Judge hears jurisdictional argument in ATI v. EPA (human testing lawsuit)

Federal Judge Anthony Trenga listened to about one hour of argument today in American Tradition Institute v. EPA, our lawsuit to end ongoing illegal scientific experiments involving human beings conducted by the EPA. At the conclusion of argument, Judge Trenga took the case on advisement. Stay tuned for his decision on the jurisdictional matters in dispute.

12 responses to “Judge hears jurisdictional argument in ATI v. EPA (human testing lawsuit)

  1. Steve, it looks like you skipped a bit in this sentence: “Judge Trenga too the case on advisement”. What did the judge do?

  2. Someone stole the “k” but I tracked them down and got it back. :)

    • Ah, I get it. I wasn’t familiar with this expression and imagined a larger gap to be filled.

      So it appears, the Honorable Justice has no idea in whose jurisdiction this case is, unlike his predecessors who totally knew it was not in theirs.

      It is beginning to look very funny.

      • The problem is this: The EPA enjoys widespread immunity from the courts in effectively any case aside from “you aren’t regulating this pollutant” cases. This extends to effectively making “you don’t have authority to regulate that” cases unchallengeable (the tailoring rule decision was not based on the merits of the case. It was simply a decision that effectively no one has standing to challenge it).

        However, that produces an obviously absurd result in this case.

        I find it good that the judge is taking his time to rule in this case. A quick decision should not be made in any important case. Should the EPA lose, appeals will certainly hang on this decision more than any other.

  3. Snorbert Zangox

    If for some inexplicable reason, the US courts cannot find reason to claim jurisdiction, will you file an action in The Hague?

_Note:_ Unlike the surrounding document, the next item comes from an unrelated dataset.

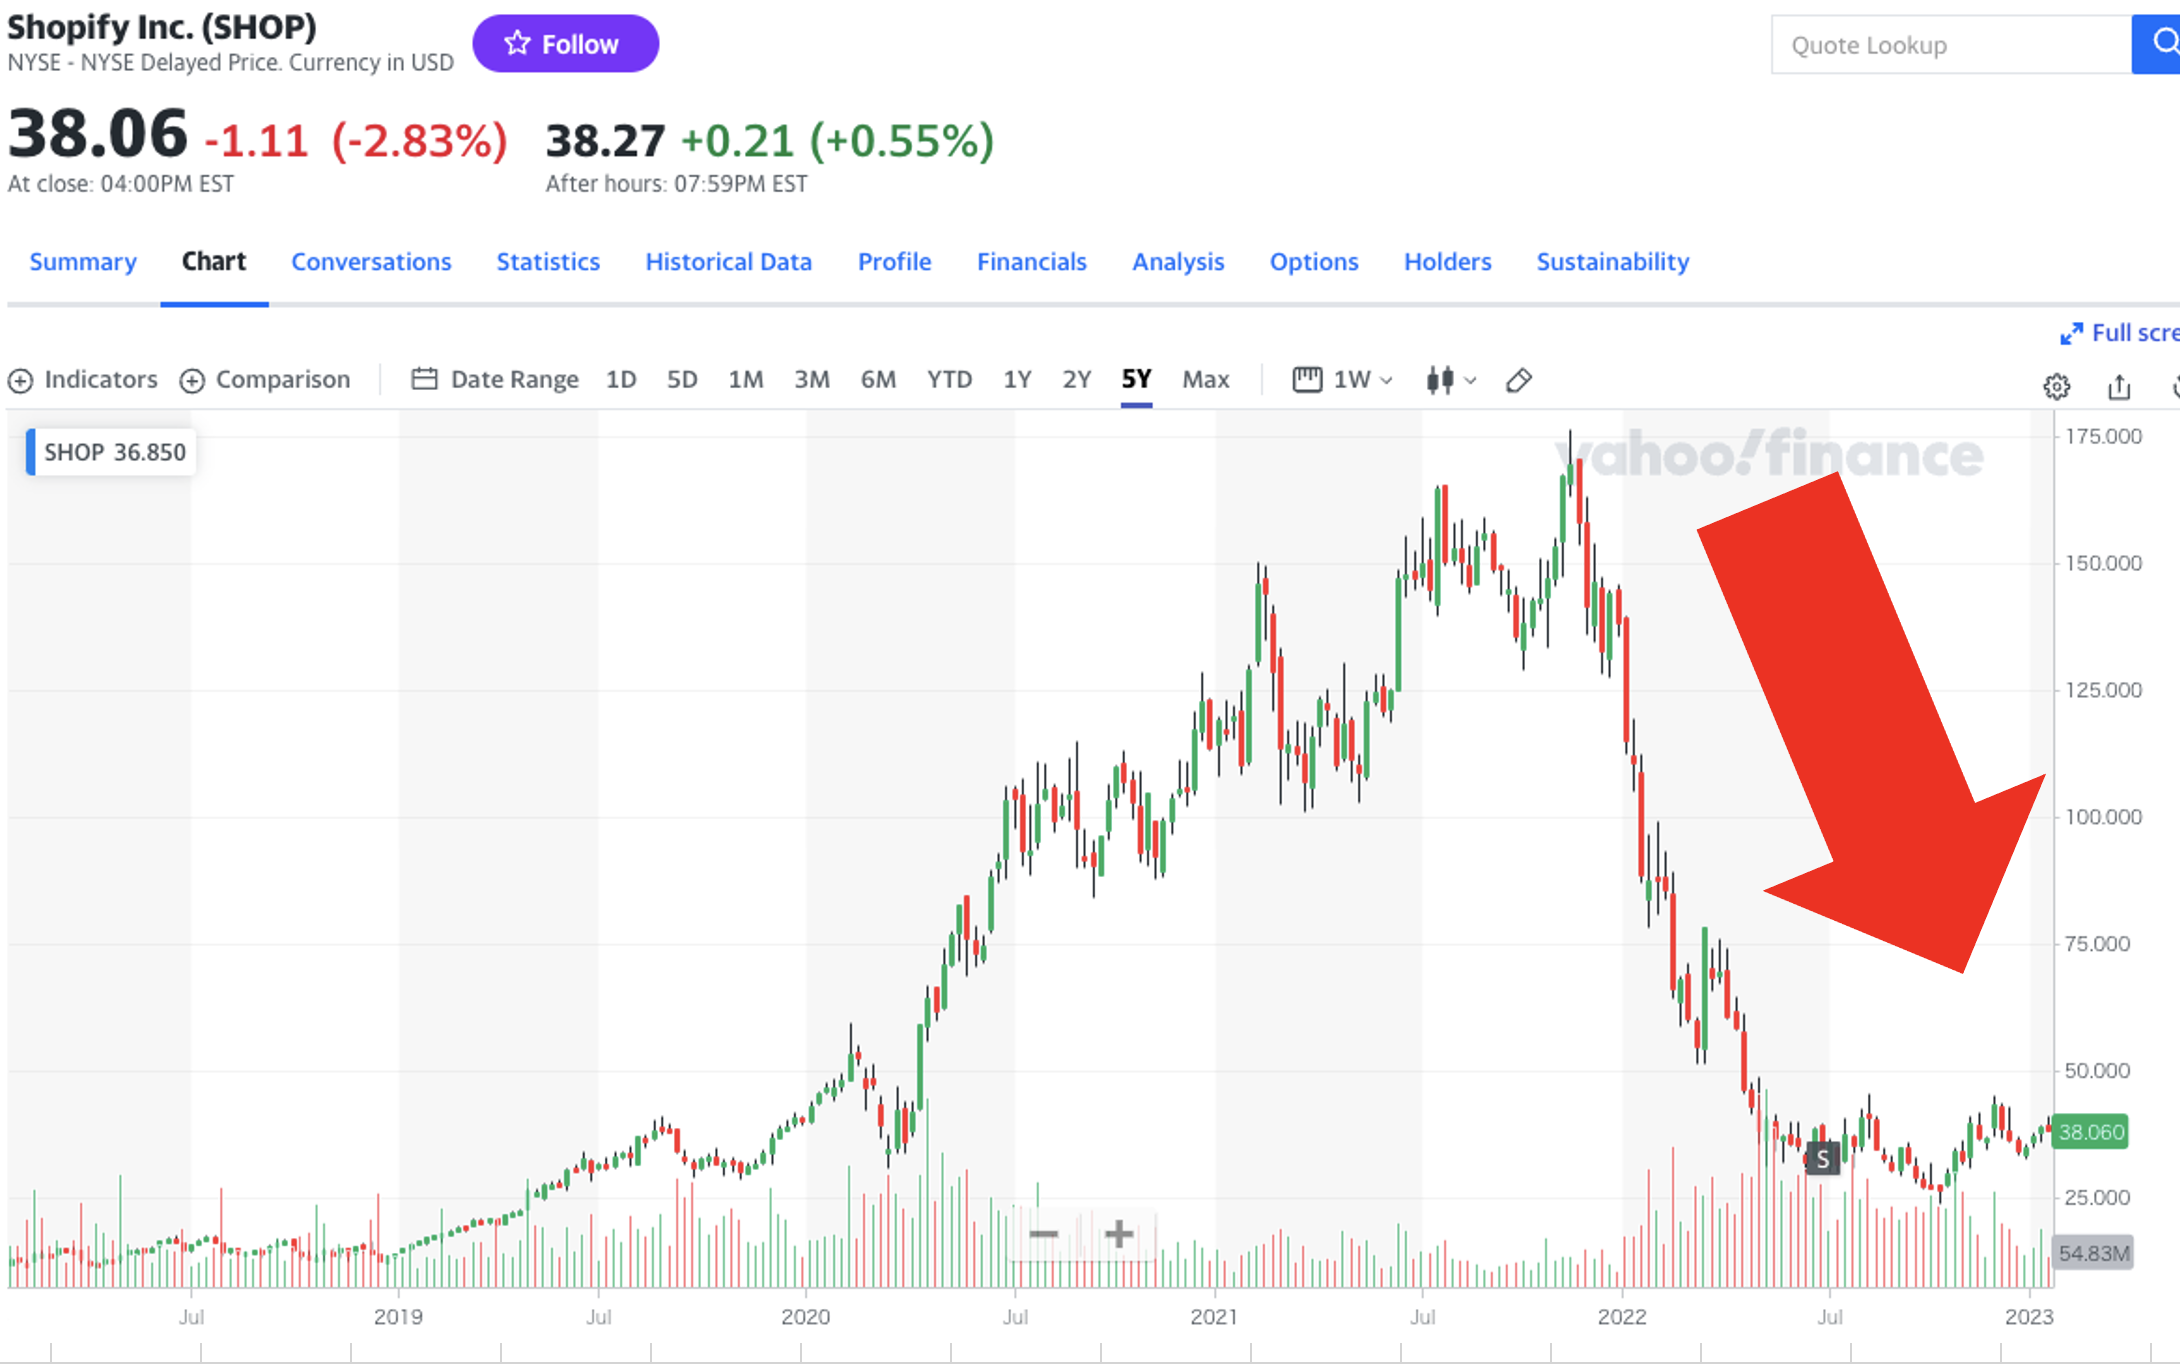 Shopifyの株価の推移
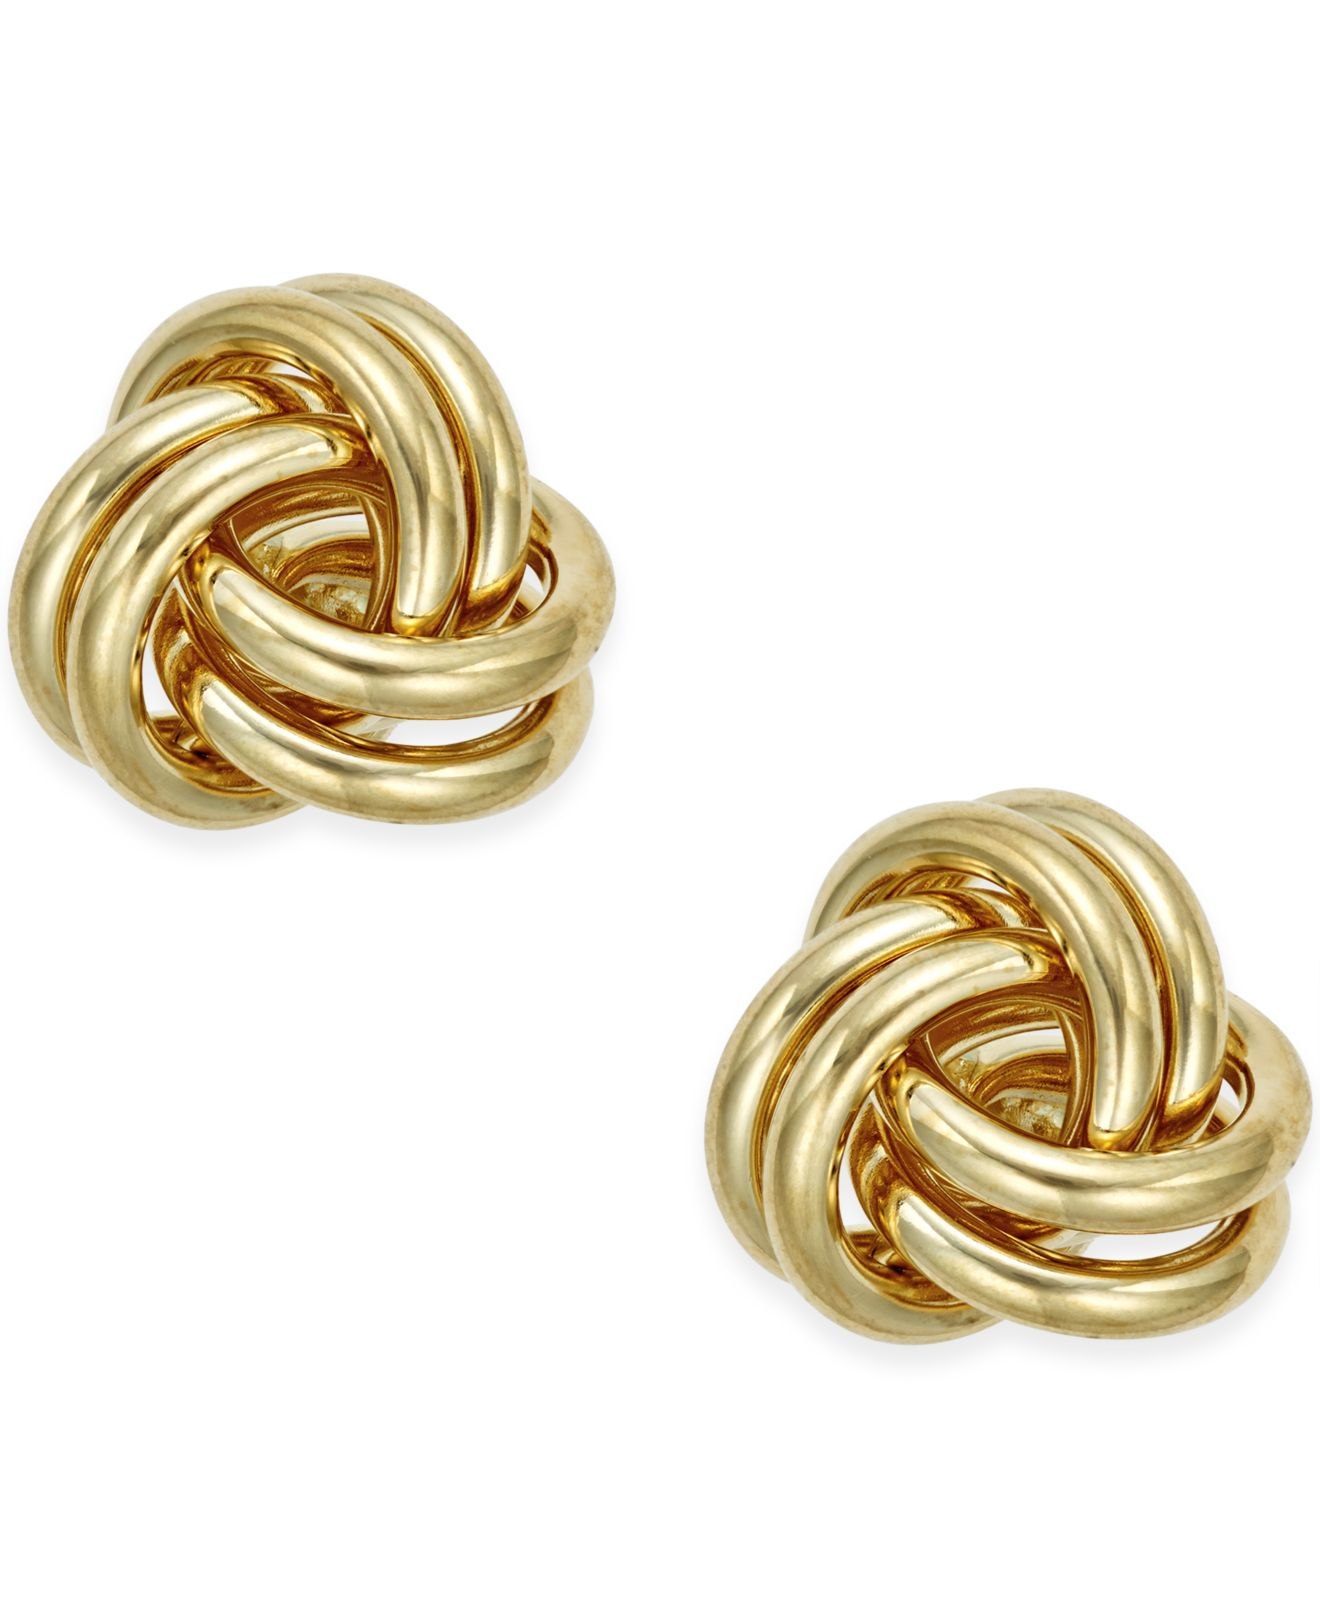  Macy s  Love Knot Stud  Earrings  In 10k Gold  in Gold  Yellow

    • The Hague is useless, and they have no power on US soil that the US government does not give them. That would be as effective as the wolf knocking on the pig’s door and politely asking if he would come out to be eaten.

      The journals have failed to act
      The Medical Boards, whose jobs include preventing such actions, have failed to act
      The Investigator General has failed to act
      The Media has failed to act
      Should the Courts fail to act, we are left with Congress alone.

      Heaven help us

      • This is getting ridiculous. And they wonder why people are arming themselves to the teeth.

      • Snorbert Zangox

        The Hague cannot provide relief, but it could provide a public relations nightmare for EPA and Obama.

        I can see the footnote in the history books now.
        “President Obama was the first US President convicted of crimes against humanity by the World Court.” Do you think Obama can see that far into the future?

  4. There is no way on earth nor hell you’d get the ‘independent’ court in the Hague to even being to consider to charge the USA. That’s reserved for the rare cases they find some single person without means. Expediency is their motto, not justice. It’s a clown court full of pompous clowns.

  5. I wonder if a better approach would be to argue that the EPA’s tests, due to the lack of informed consent, constitute a battery (criminal). Perhaps file private citizen arrest warrants to the magistrates of the jurisdiction where the study(ies) was conducted?

    • All in good time…

    • Good idea, but considering Gleick’s lack of prosecution despite confessing to wire fraud and identity theft in a public forum, I doubt that would go anywhere. It would be a move of desperation.

      However, should the civil courts fail us, I’m game.